- [EXERCISE GOAL]
From the line with "green bottles of Heineken beer Stock Photo" to the line with "Immagine di Dipendenti", retype each line exactly as it stands in the records below, but skip the pictures.

- [DATA SECTION]
--------------------------------------------------

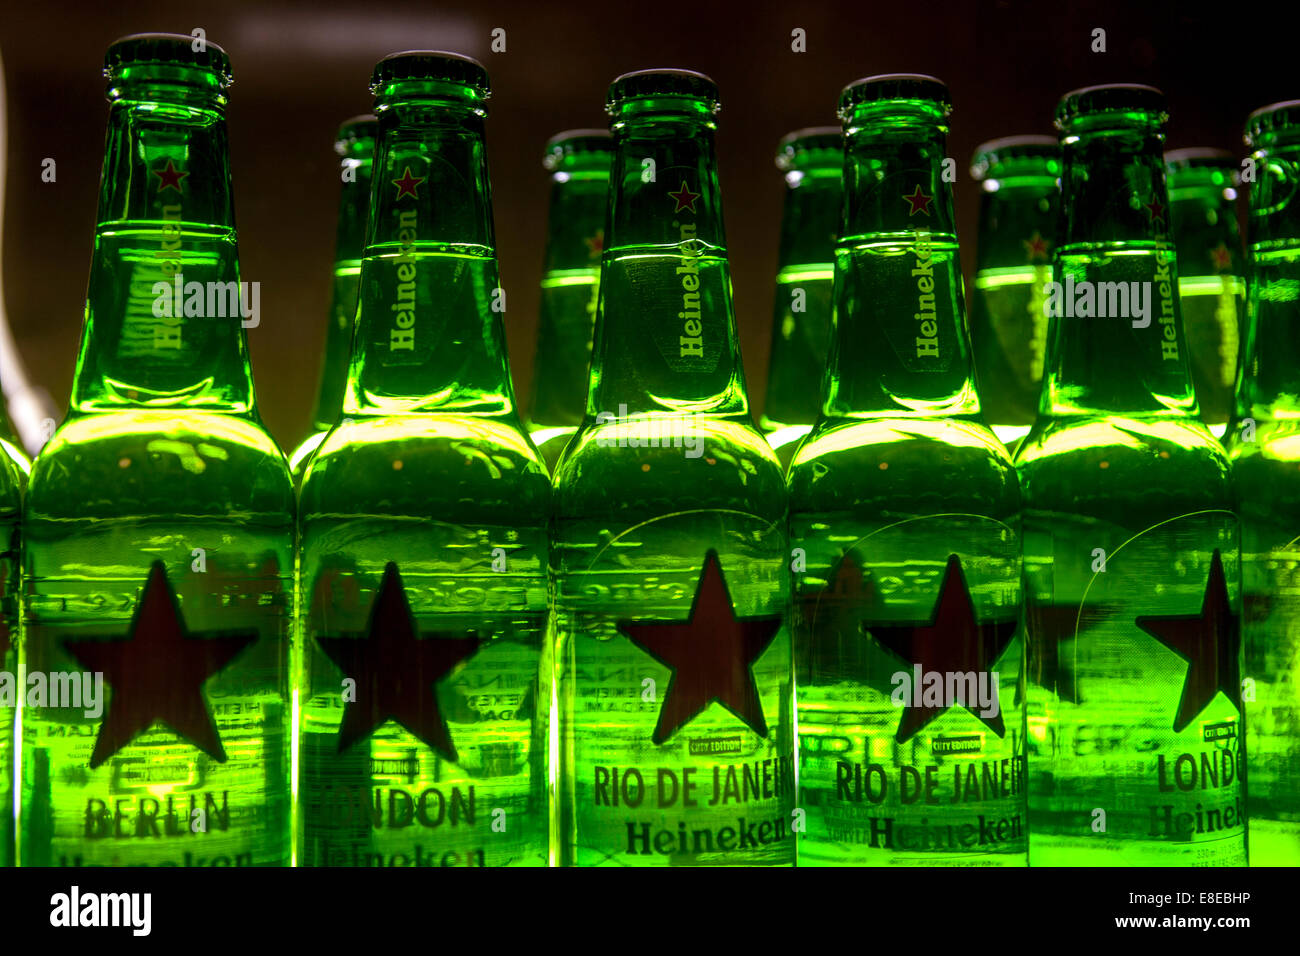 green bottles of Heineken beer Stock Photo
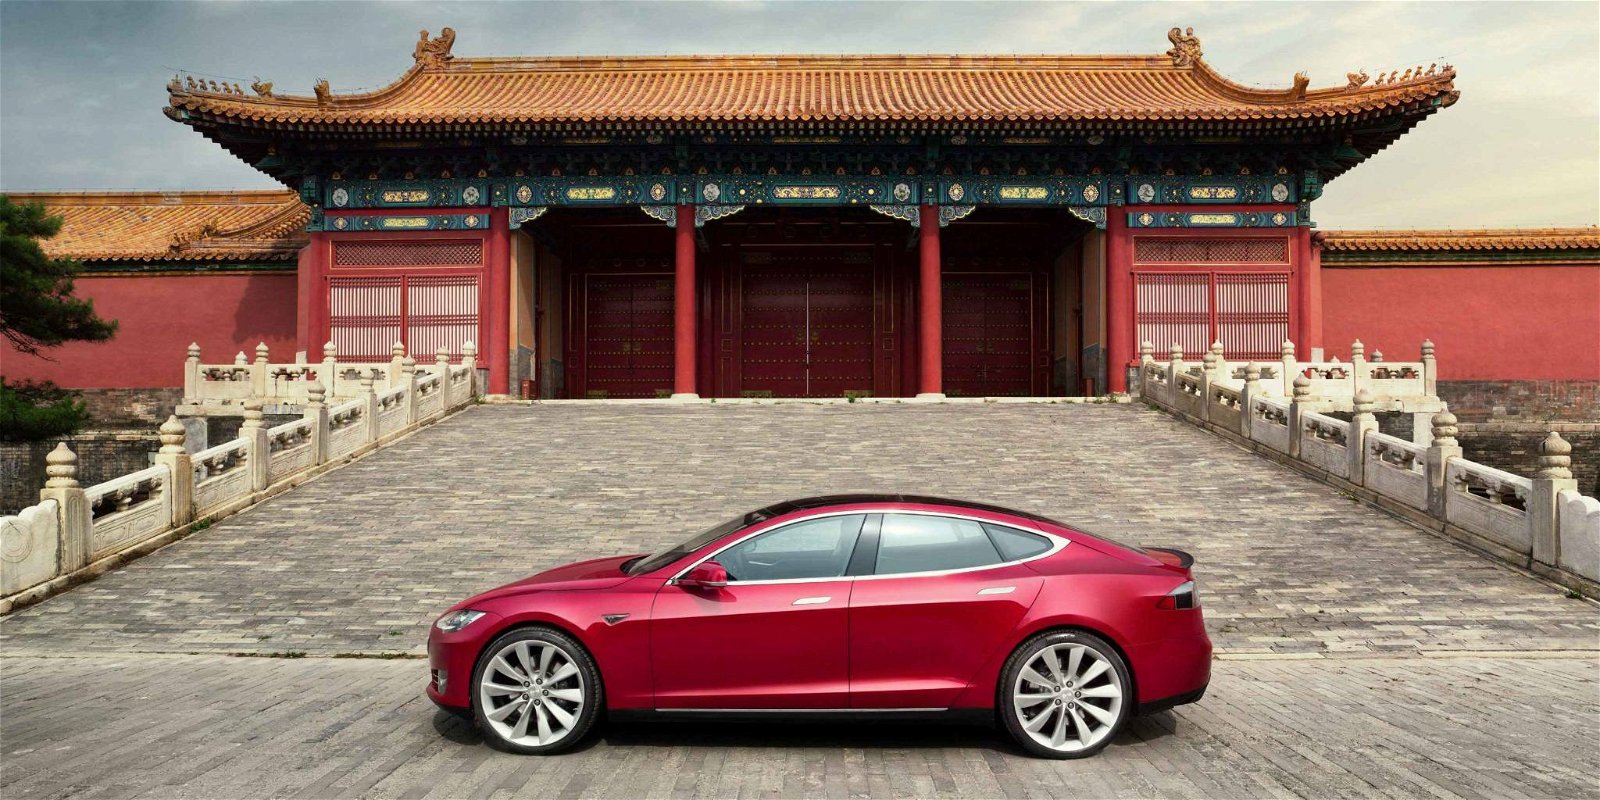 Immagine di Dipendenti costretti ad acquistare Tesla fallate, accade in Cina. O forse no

--------------------------------------------------

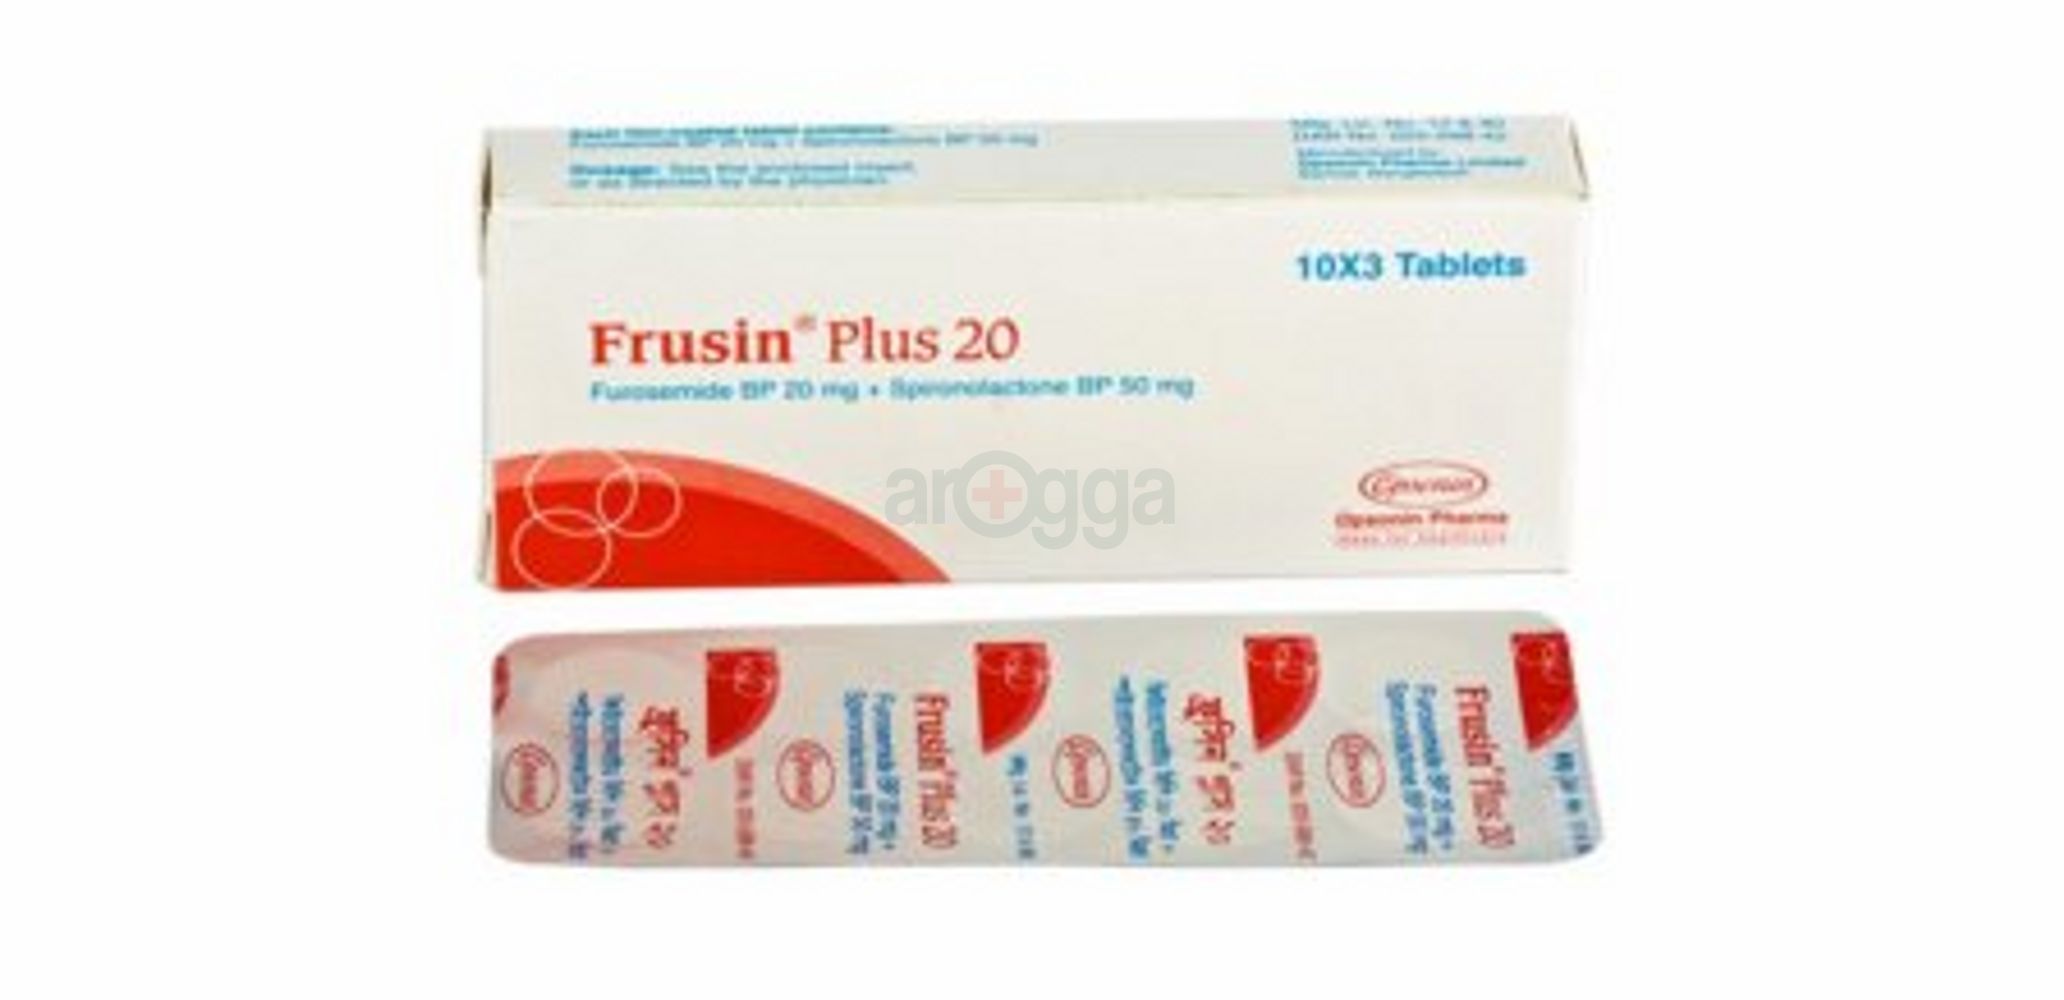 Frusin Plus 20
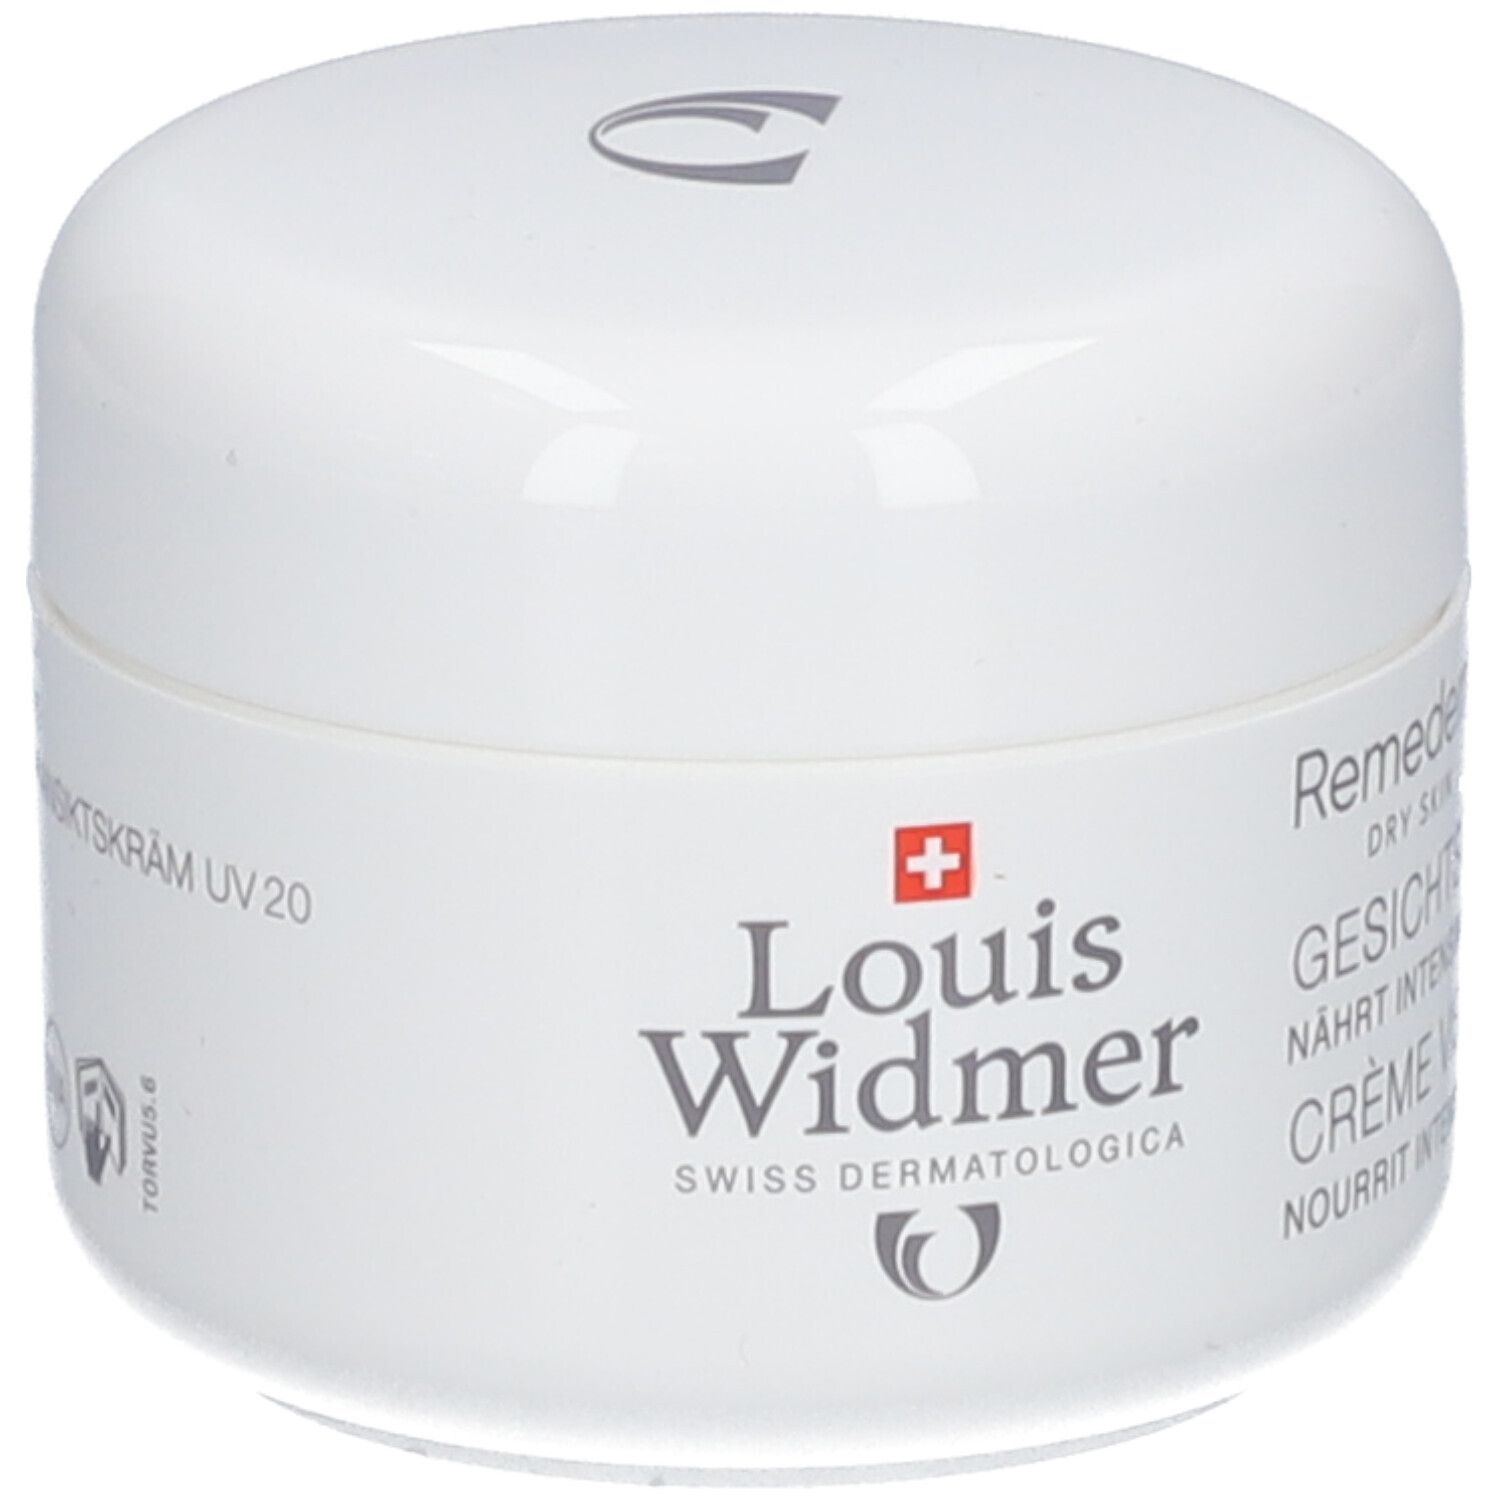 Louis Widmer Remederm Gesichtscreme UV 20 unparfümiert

--------------------------------------------------

- [ANSWER FOR THIS EXERCISE]
 green bottles of Heineken beer Stock Photo
 Immagine di Dipendenti costretti ad acquistare Tesla fallate, accade in Cina. O forse no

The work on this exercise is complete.